• **EXERCISE OBJECTIVE**
Your task is to return exactly the lines that run from the one containing "Jo Sharp Origami" through the end of the listing below, without any pictures.

• **DATA BELOW**
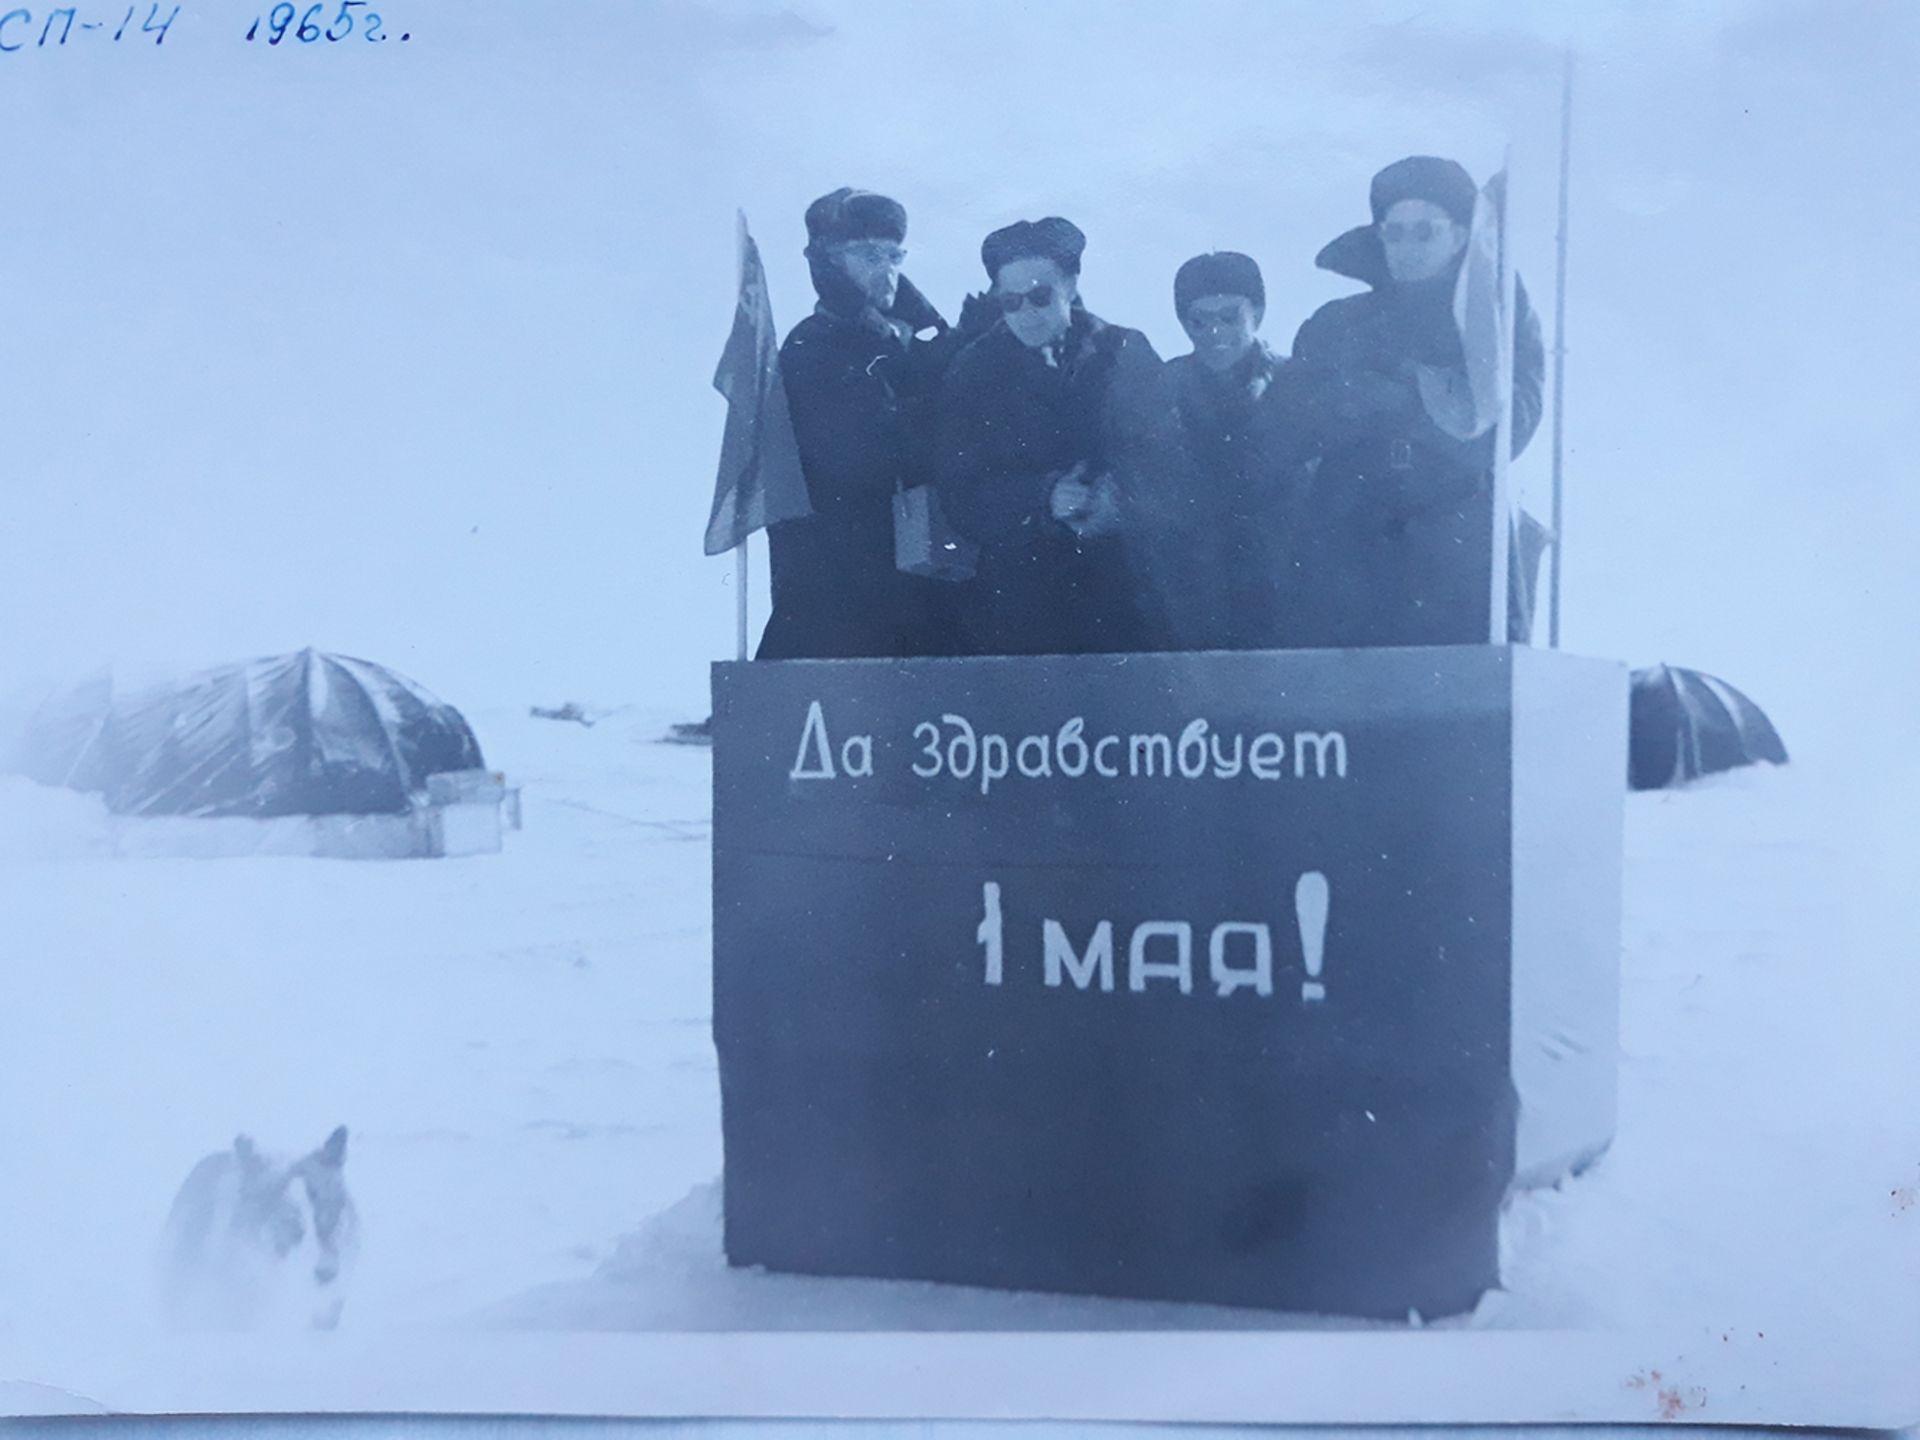 [Soviet]. Northern pole. Station SP-14. May 1st, 1965. Photograph. <br>
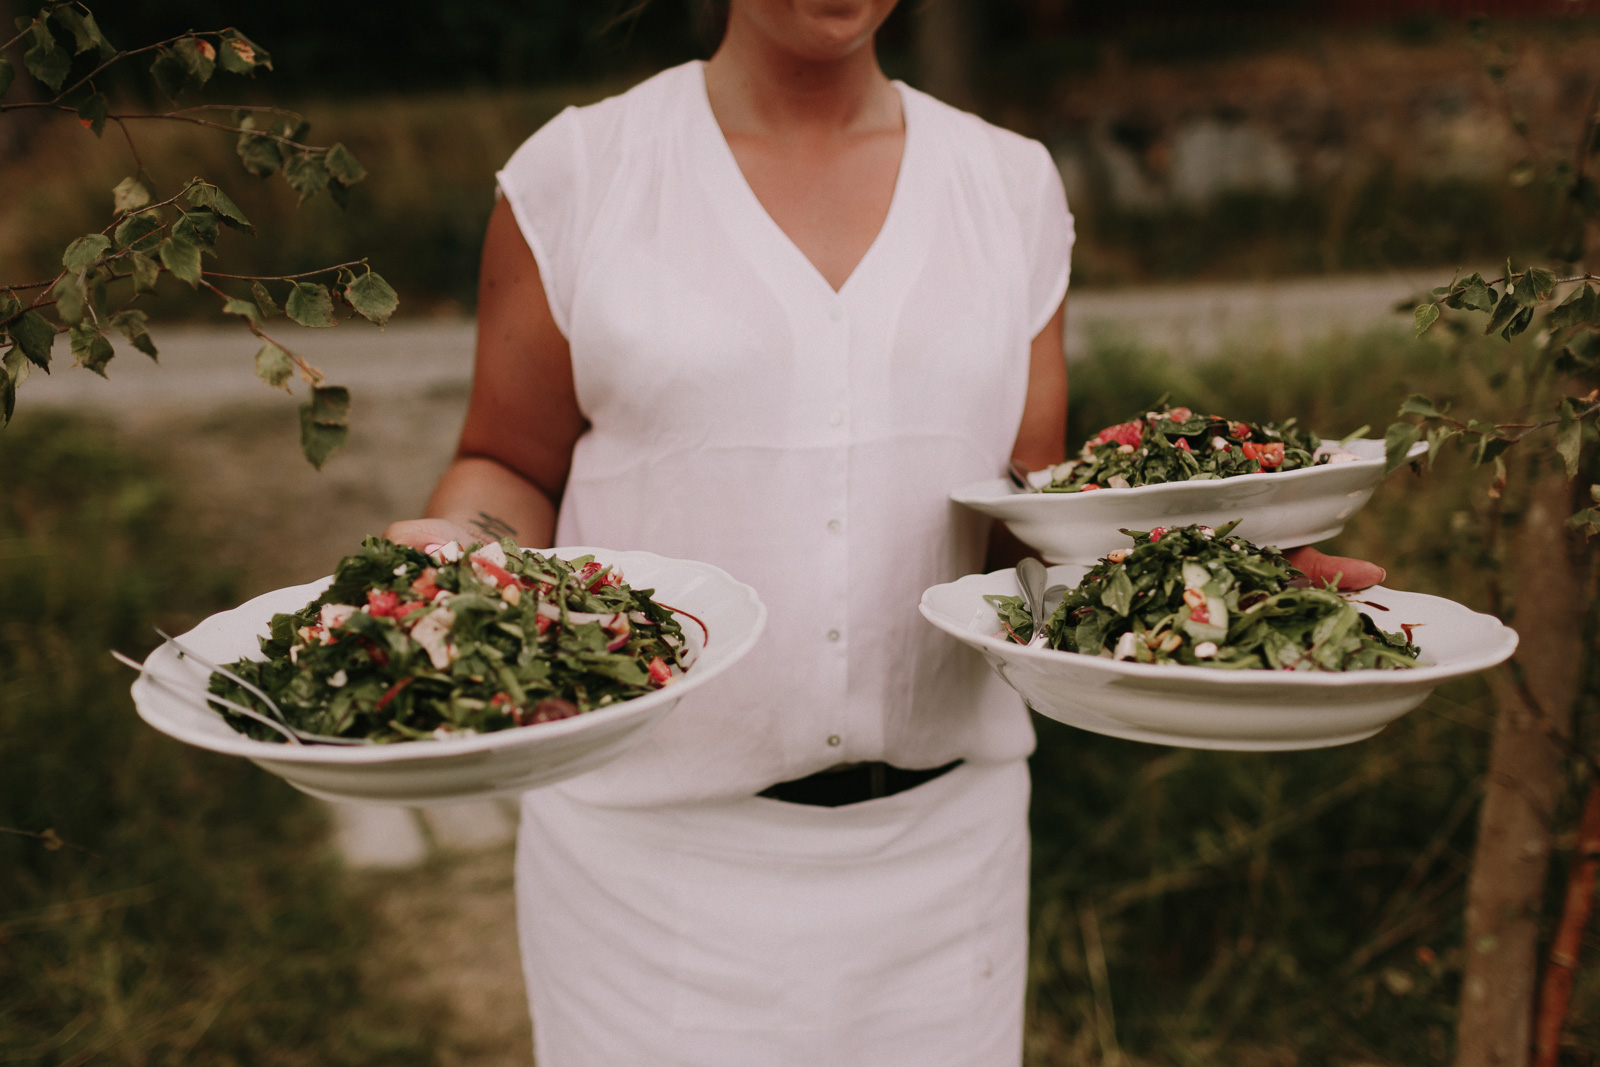 sweden-wedding-food
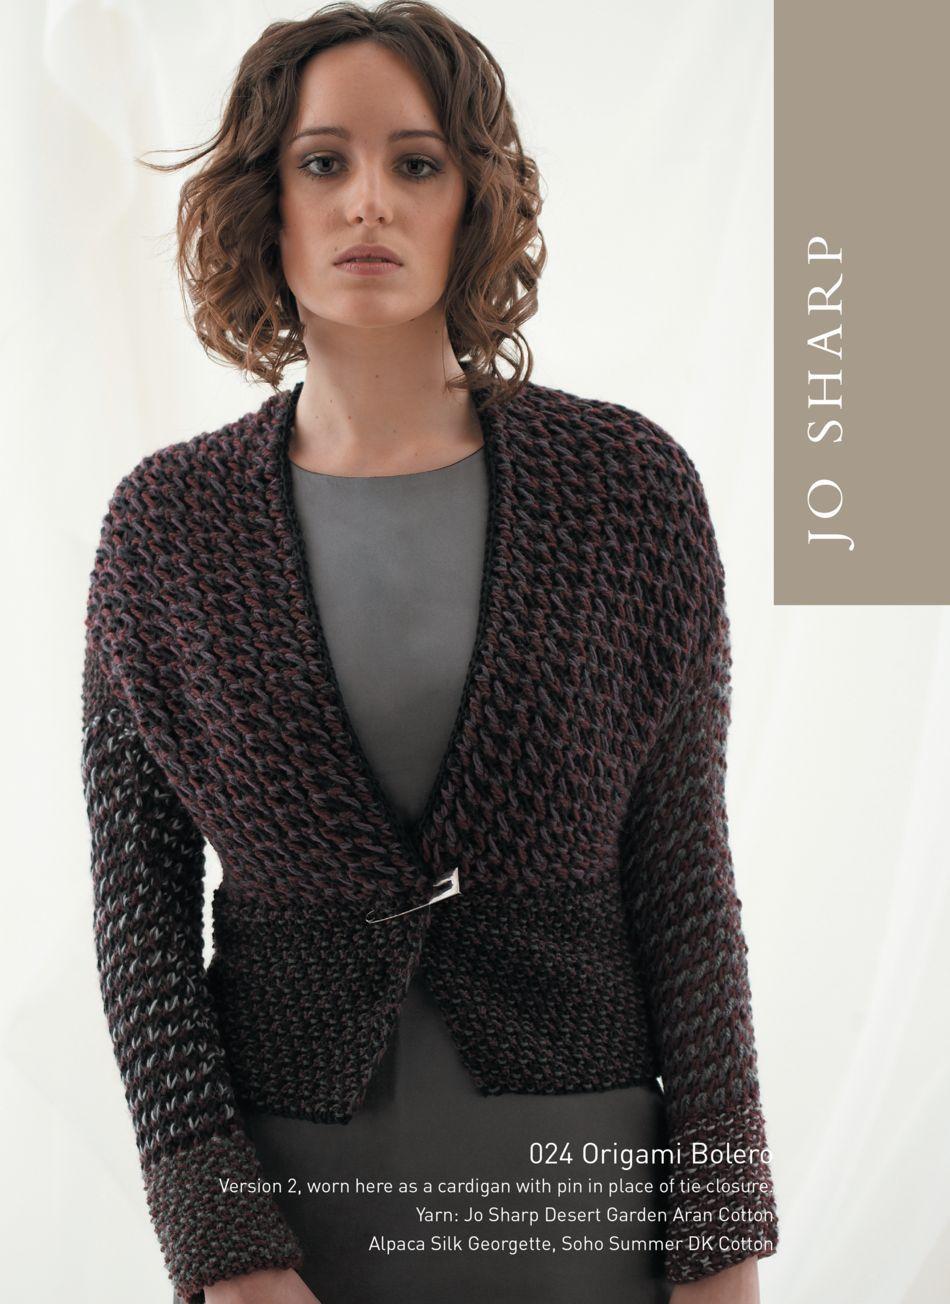 Jo Sharp Origami Bolero Pattern, Knitting Pattern - Halcyon Yarn
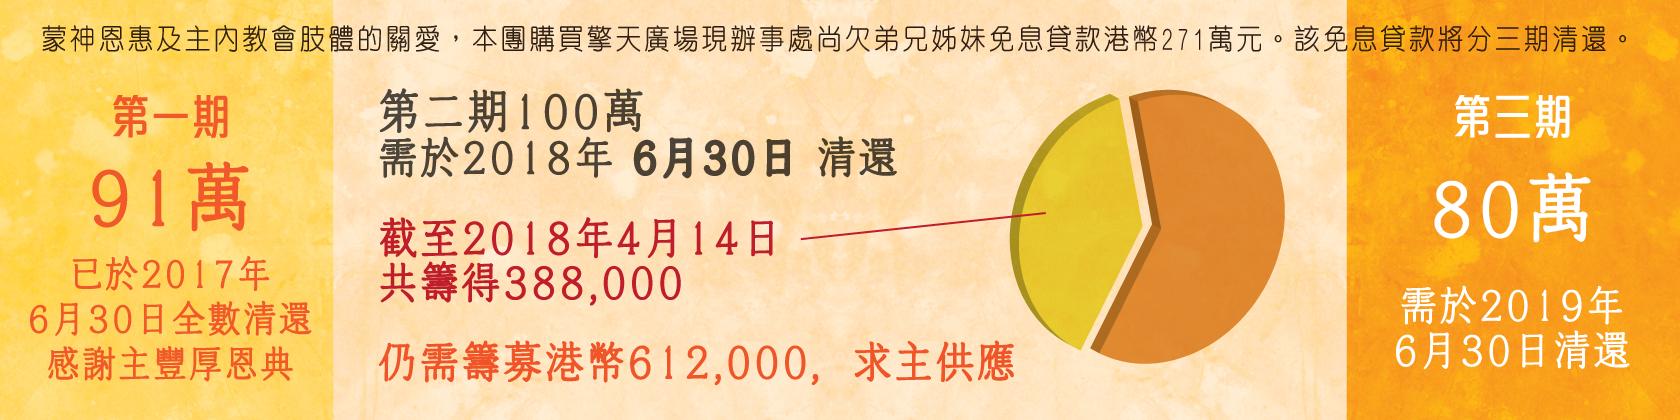 CB-02-web-banner-1680-x-420-06-3

• **WRITTEN ANSWER**
 Jo Sharp Origami Bolero Pattern, Knitting Pattern - Halcyon Yarn
 CB-02-web-banner-1680-x-420-06-3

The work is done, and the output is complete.